Construction is yet another industry expected to undergo a significant transformation as automation technology grows ever more sophisticated. For example, the growing use of modular construction, in which buildings are constructed from units assembled off-site, has already begun to allow in-factory automation to rise in popularity in this industry.
The automotive industry has already seen major changes thanks to automation, with industrial robots carrying out many previously manual production line tasks such as welding, assembly, and chassis painting. Robotic process automation (RPA) has brought a significant increase in reliability, accuracy and productivity to the automotive industry.

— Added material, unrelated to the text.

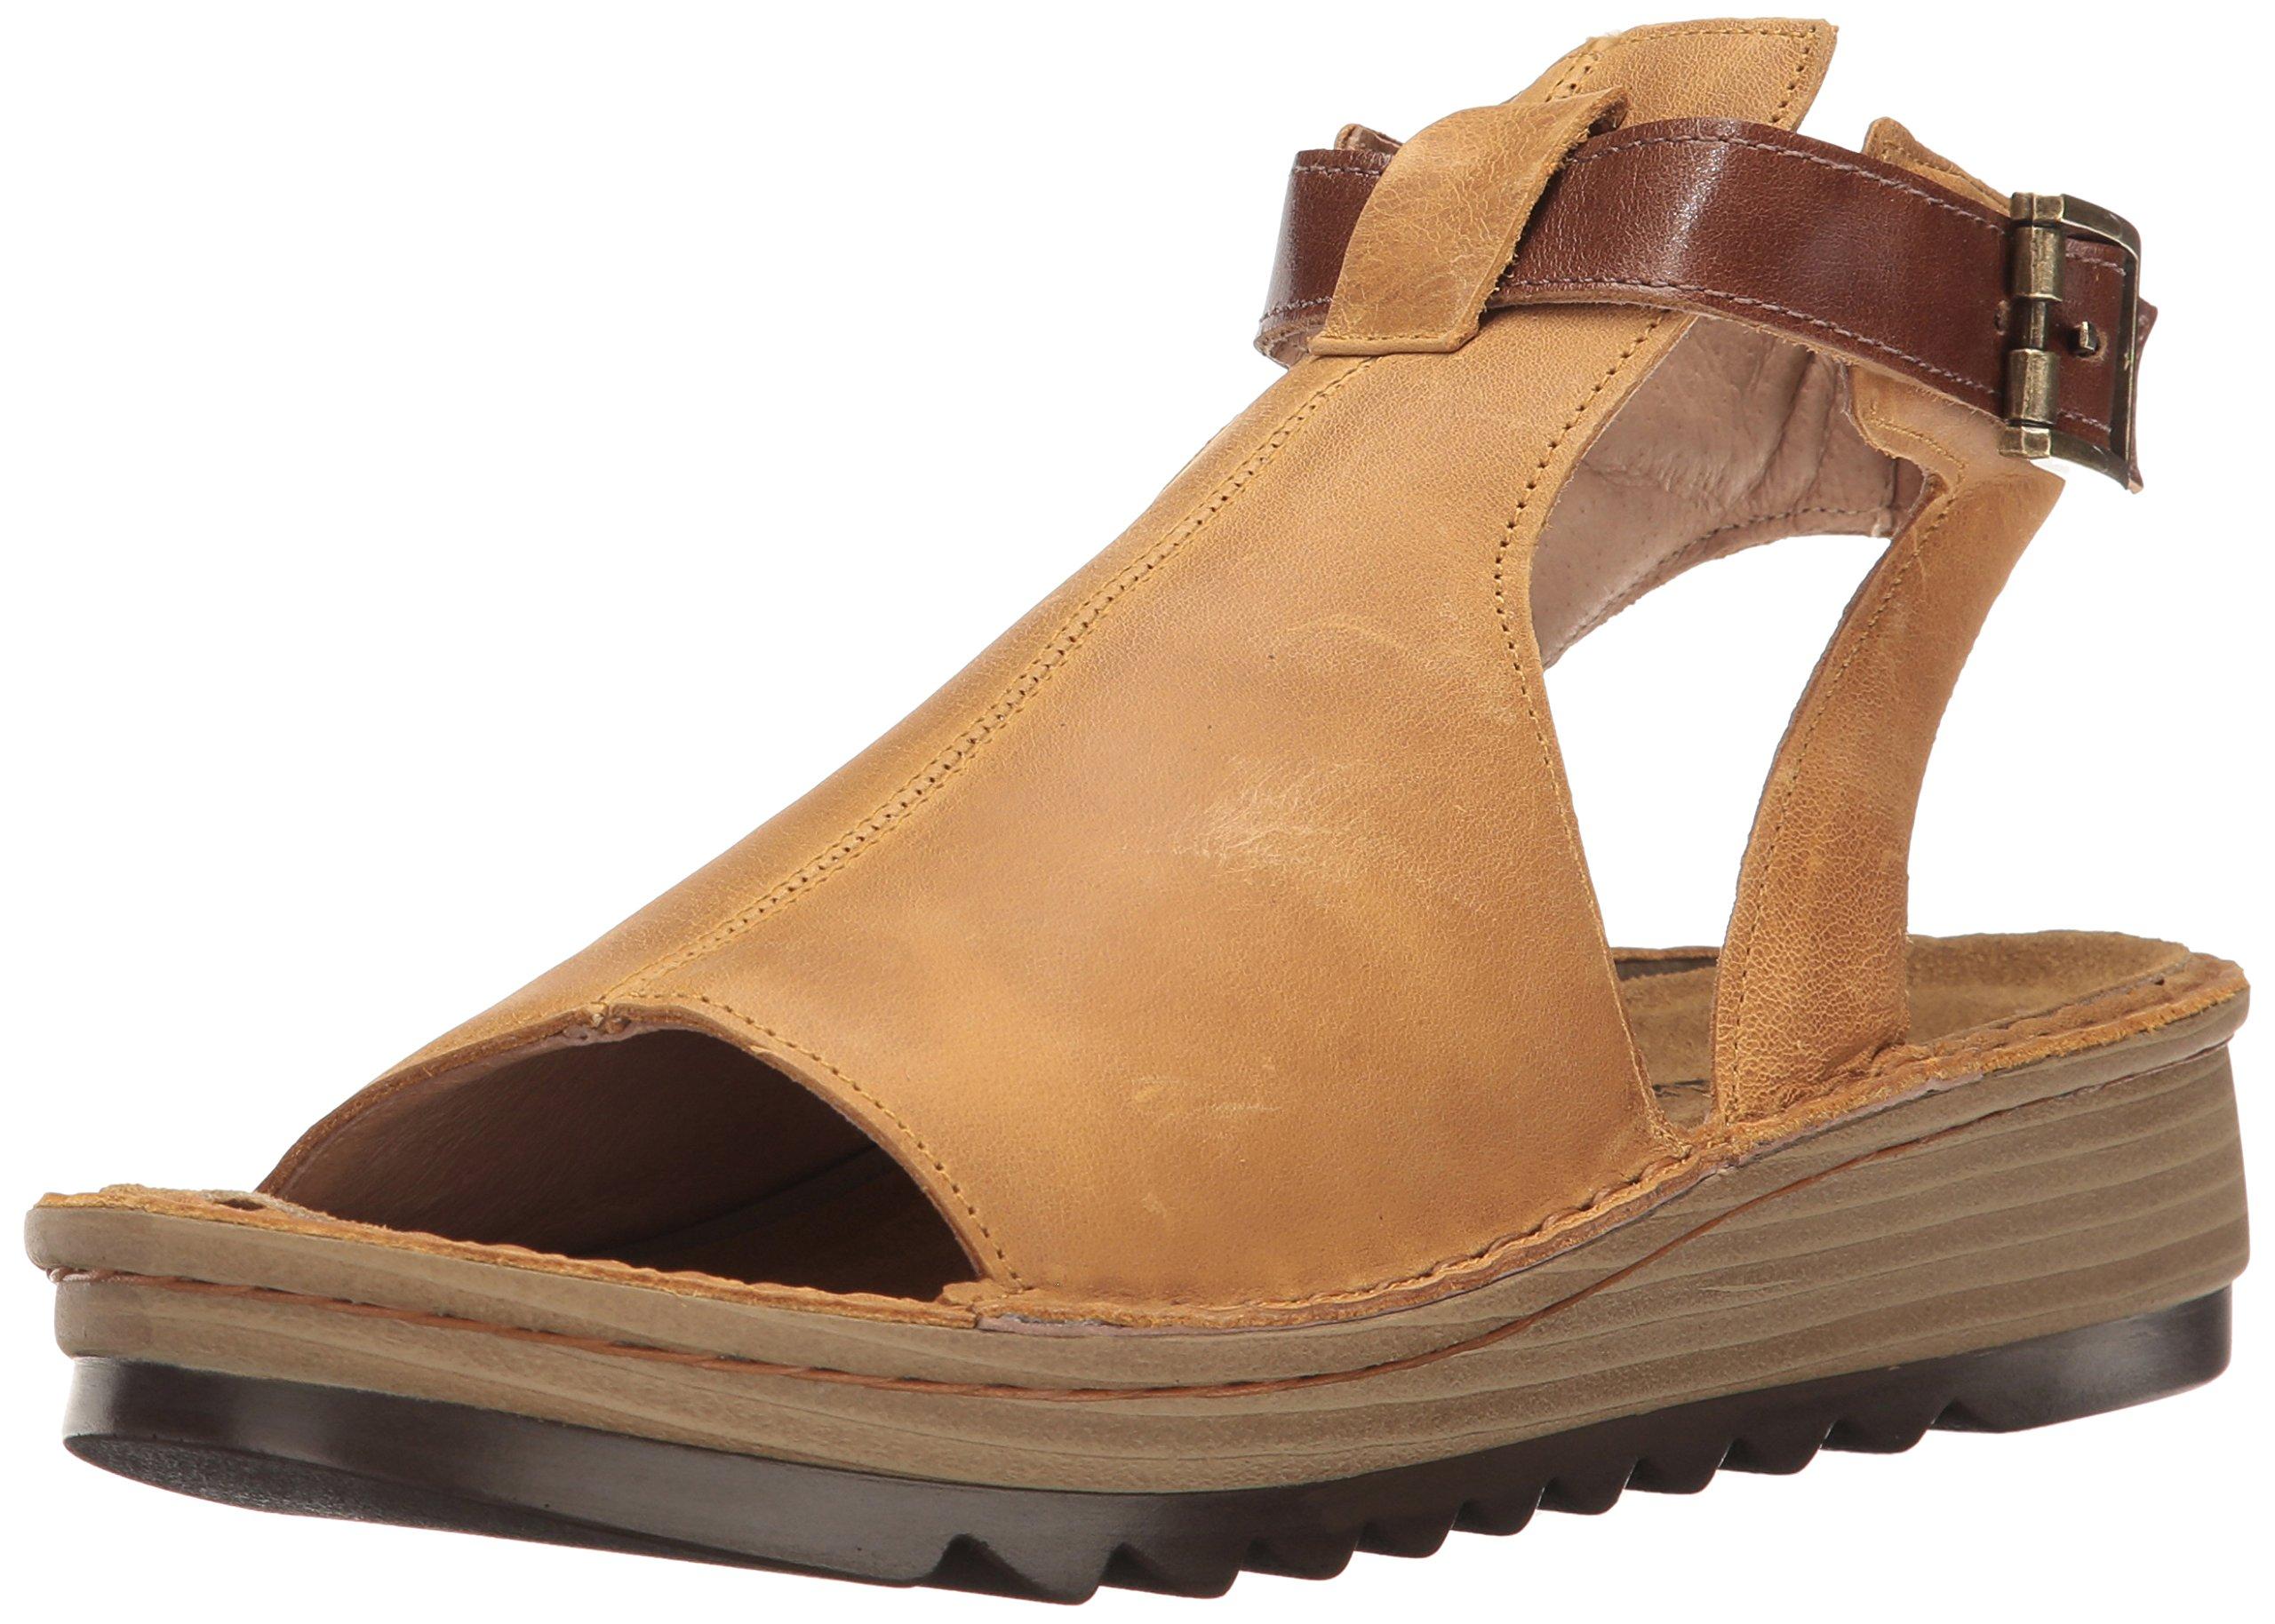 Naot Footwear Women's Verbena, Oily Dune Nubuck/Maple Brown Leather, 38 (US Women's 7) M

Modern cars have evolved considerably; sophisticated digital sensors and integrated computing devices are now standard, managing everything from automatically adjusting the chassis to compensate for uneven road surfaces to alerting the driver to free parking spaces.
Naturally, all this technology generates large quantities of data, and that wealth of data is expected to acquire an increasing commercial value to vehicle manufacturers. This is likely to only increase further over time.
In addition, sophisticated AI-driven analyses will allow driving events to be analysed in real-time, in order to generate reliable predictions and safe responses. This is the automation technology that will propel the self-driving car from its current experimental status firmly into the mainstream over the coming decades.
Like manufacturing, retail is an industry on the front line of automation. Significant changes have already been introduced in the form of self-checkouts, for example, but it is expected that the relationship between automation and the retail industry will continue to evolve over the coming years. This could lead to new opportunities in the face of increased automation, with staff reskilling and new positions opening up.